This exercise asks for an exact copy of the lines from the one containing "Hot Girls With Gaps | xPornxxvl" through the final line of the material, with pictures omitted.

[EXERCISE DATA]

------------------------------------------------

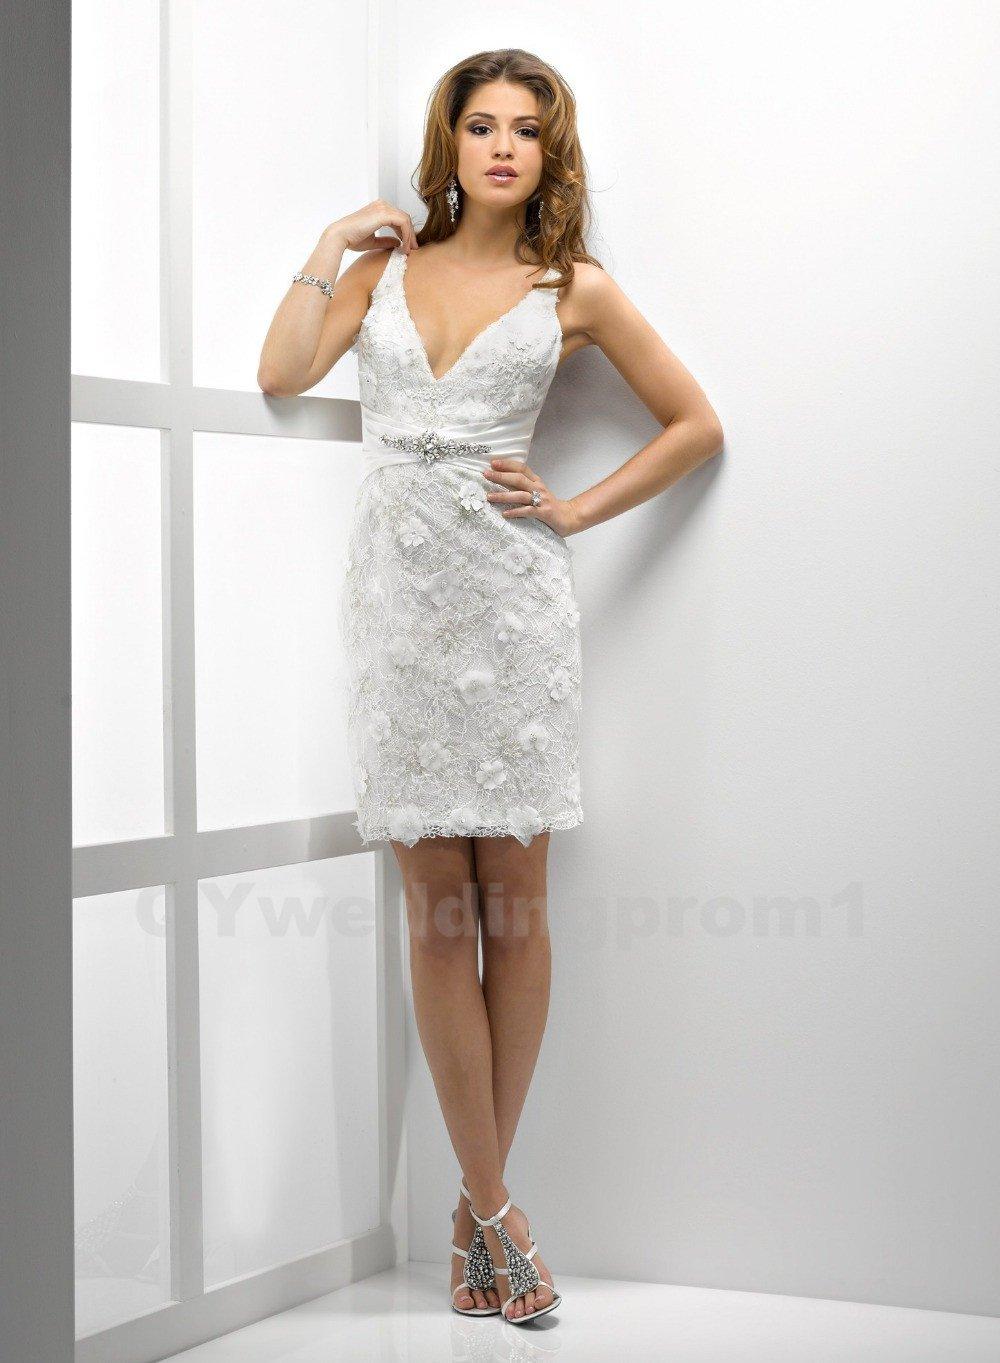 Lace A-Line Wedding Dress Fashionable Beaded Spaghetti Straps White Cheap Short Wedding Dress
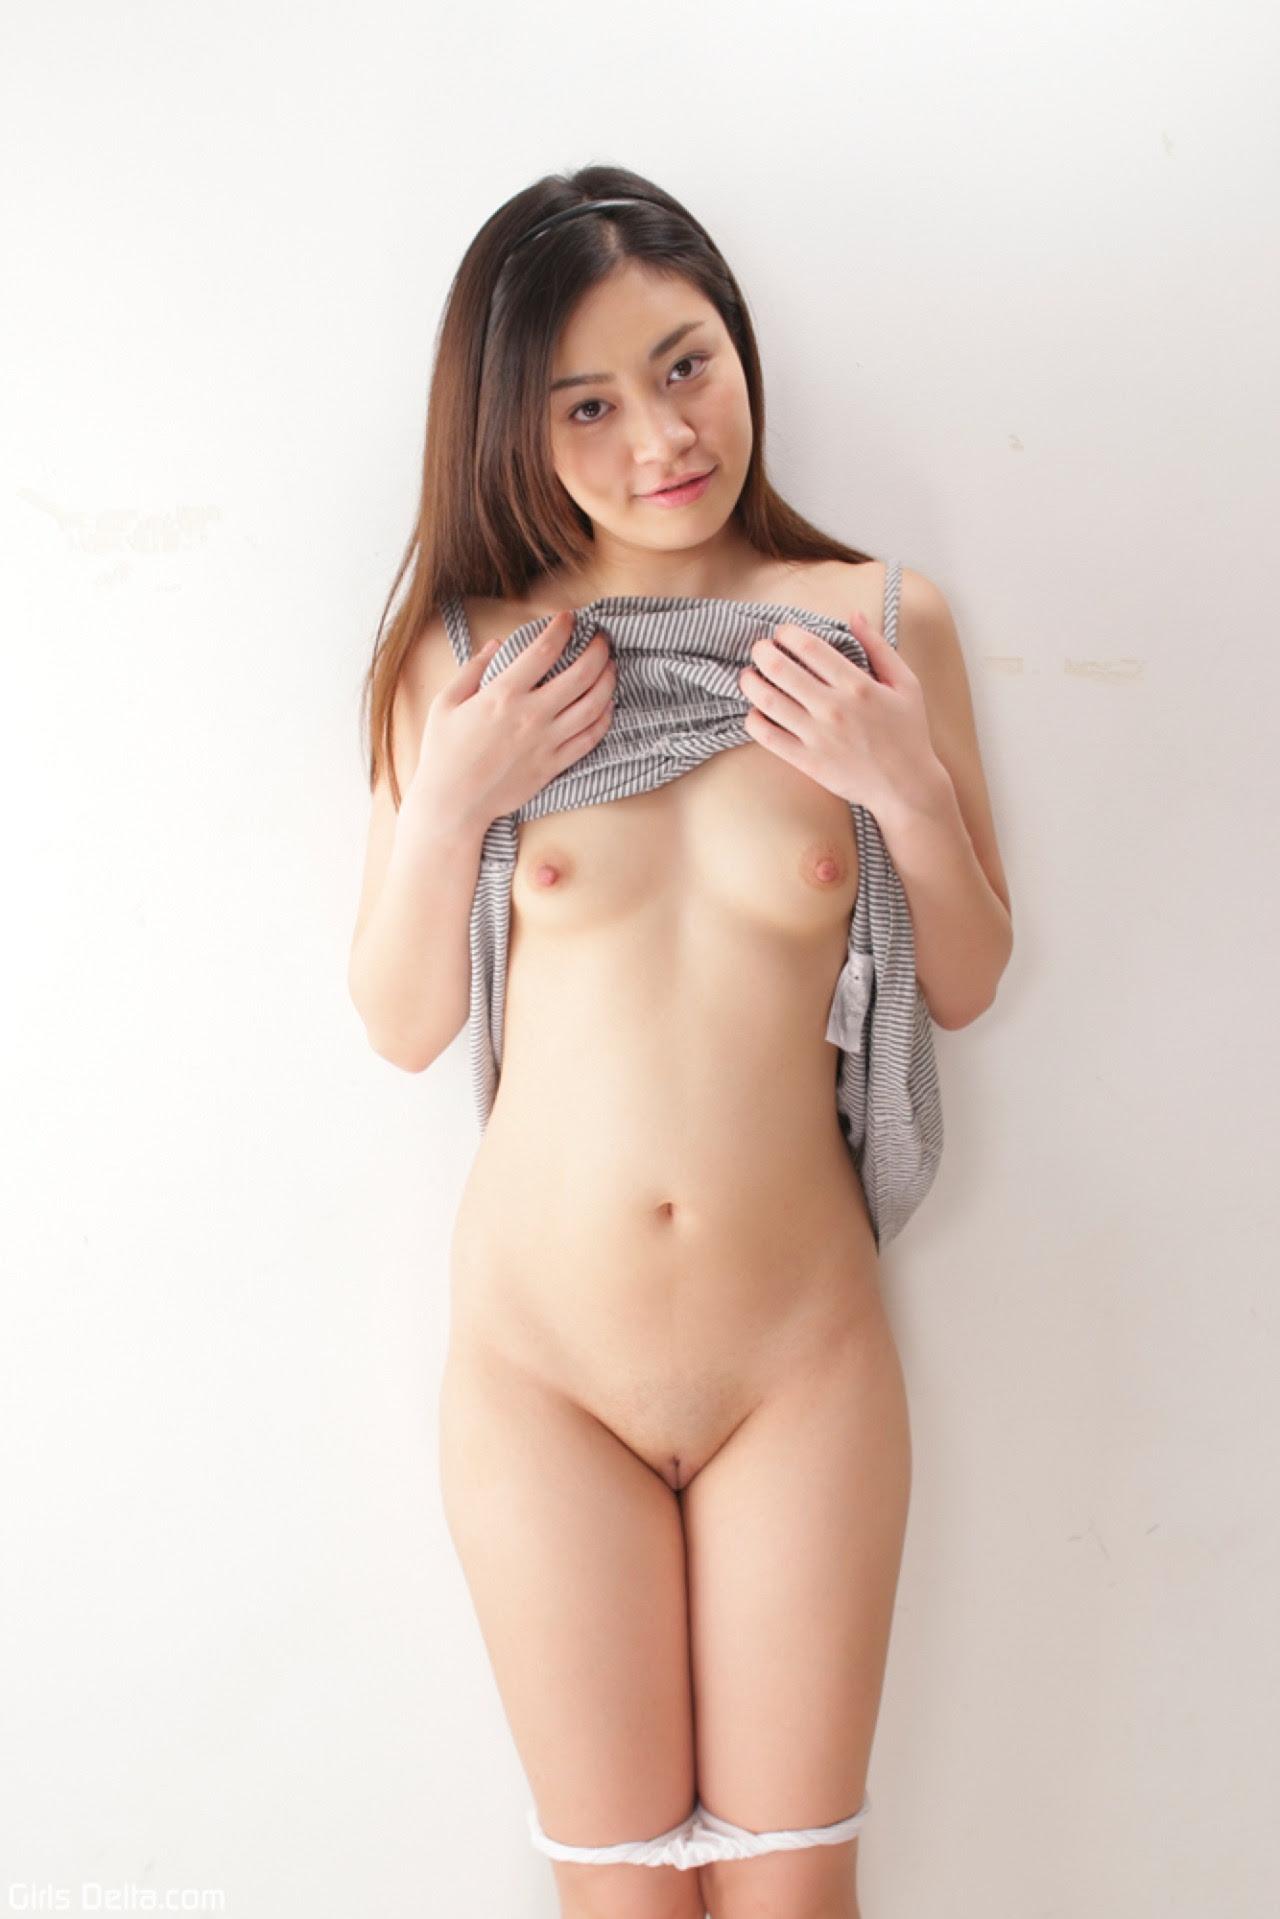 Hot Girls With Gaps | xPornxxvl
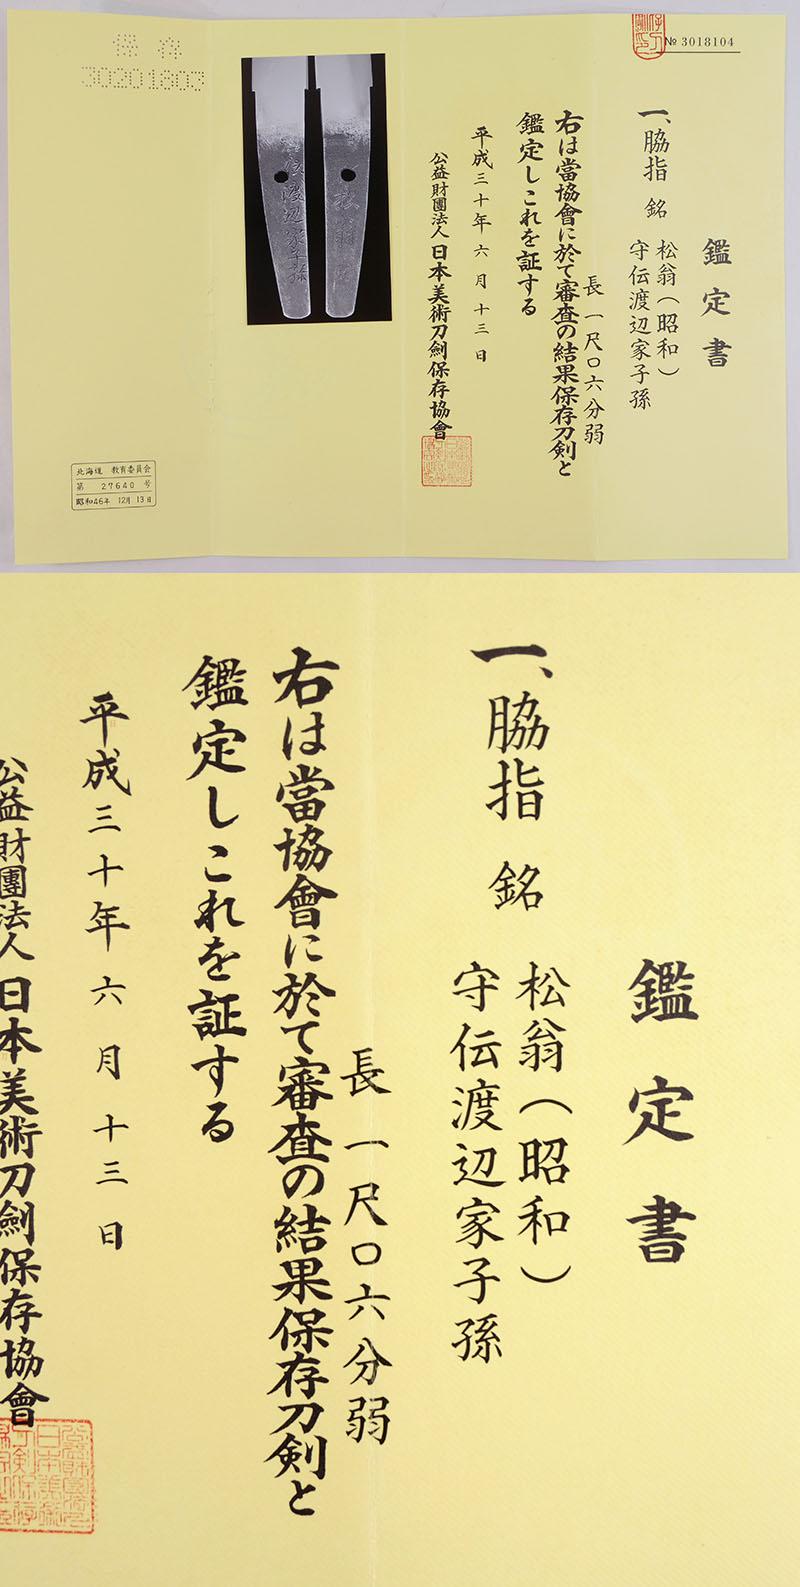 松翁(昭和) Picture of Certificate
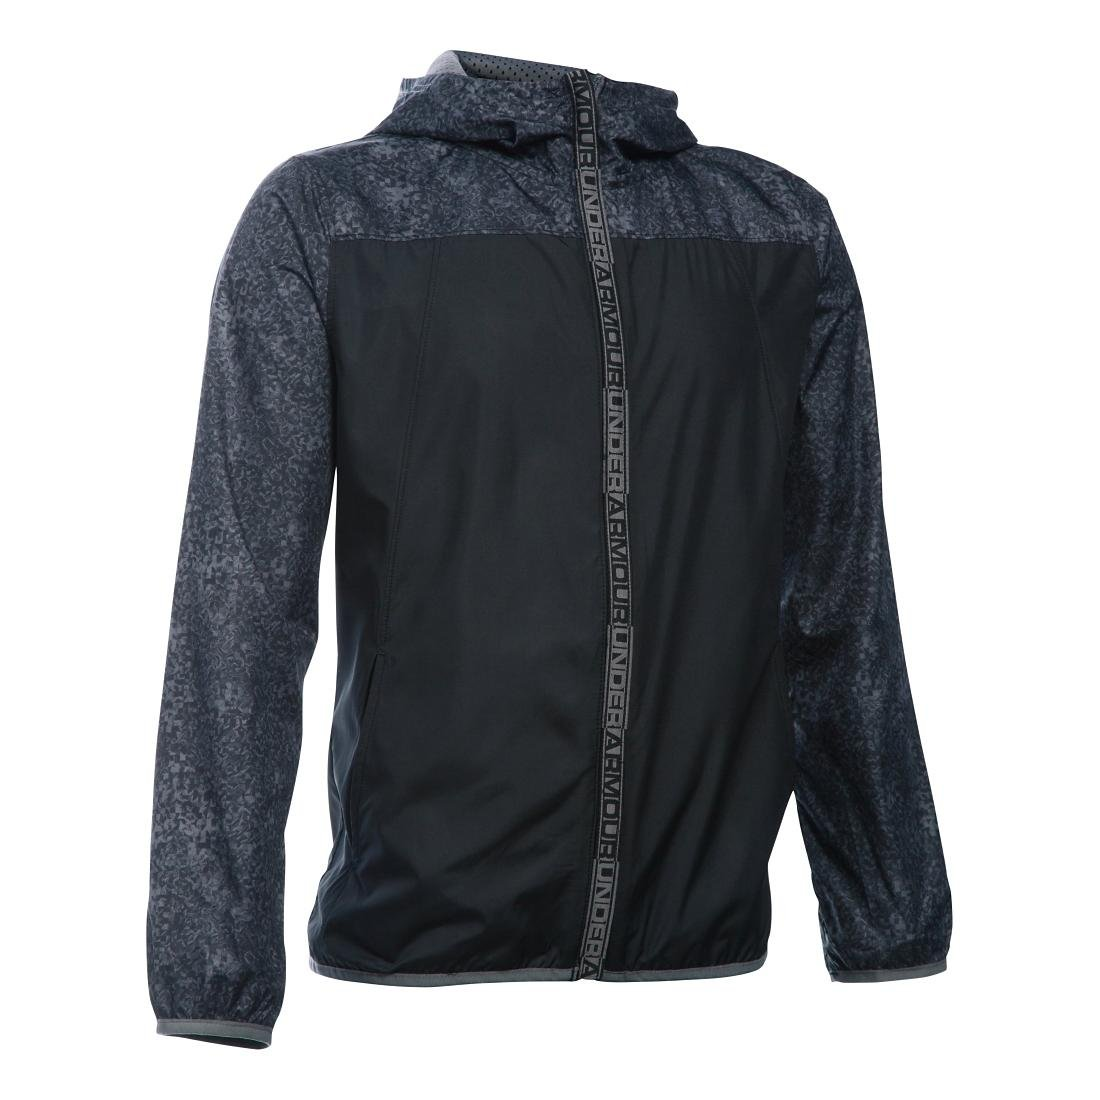 Under Armour Boys UA Storm Packable Woven Jacket

------------------------------------------------

[REPLY TO THE EXERCISE]
 Hot Girls With Gaps | xPornxxvl
 松翁(昭和) Picture of Certificate
 Under Armour Boys UA Storm Packable Woven Jacket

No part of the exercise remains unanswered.